- Russian: У твоего порога
- Directed by: Vasili Ordynsky
- Written by: Semyon Nagornyj
- Produced by: Mark Shadur
- Starring: Nadezhda Fedosova; Pyotr Lyubeshkin; Liliya Dzyuba; Boris Yurchenko; Yuri Gorobets;
- Cinematography: Igor Slabnevich
- Music by: Venyamin Basner
- Production company: Mosfilm
- Release date: 1962;
- Country: Soviet Union
- Language: Russian

= At Your Threshold =

1962 film

At Your Threshold (У твоего порога) is a 1962 Soviet war drama film directed by Vasili Ordynsky. The film's plot is based on real events from 1941 involving the defense of Moscow by use of anti-aircraft guns.

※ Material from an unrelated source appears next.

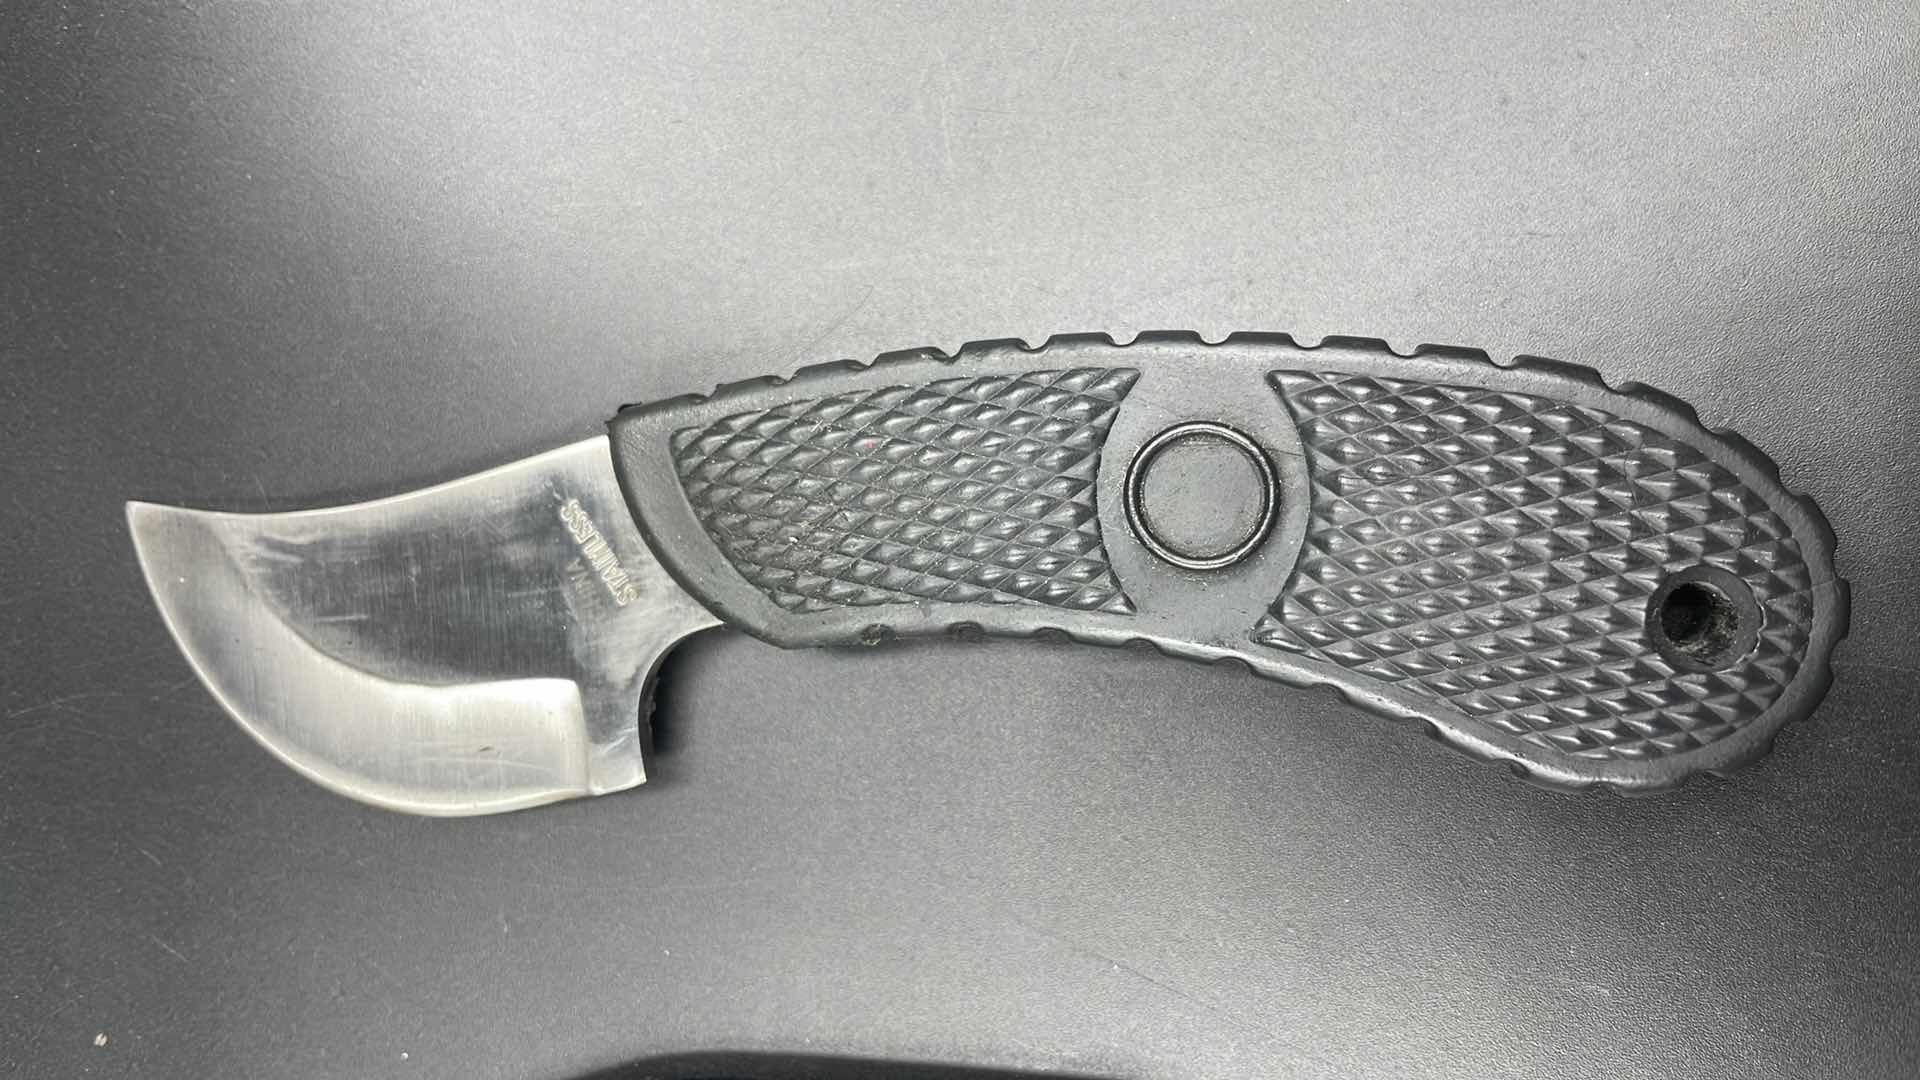 Photo 2 of HUNTING KNIFE 6” W SHEATH

The film was officially released in the Soviet Union on March 27, 1963, where it was seen by 13.6 million viewers.

== Plot ==
The action of the film takes place in the fall of 1941, when the fascists were approaching Moscow, and the Russians, in their turn, sent zenith batteries against them.

== Cast ==
- Nadezhda Fedosova as Mother
- Pyotr Lyubeshkin as Father
- Liliya Dzyuba as Liza (as Liliya Dsyuba)
- Boris Yurchenko as Mikhail Prokhorenko
- Yuri Gorobets as Perekalin
- Nikolay Grabbe as Chauffeur Mikhail Vasilyevich
- Roman Khomyatov as Igor Bersenev
- Viktor Filippov as Yevsei Vasyuta
- Georgy Martyniuk as wounded on the train
- Yuri Smirnov as Siberian boy
- Vasili Ordynsky as cameo

== Reception ==
For her performance in the film, Nadezhda Fedosova won Best Supporting Actress at the eighth San Francisco International Film Festival.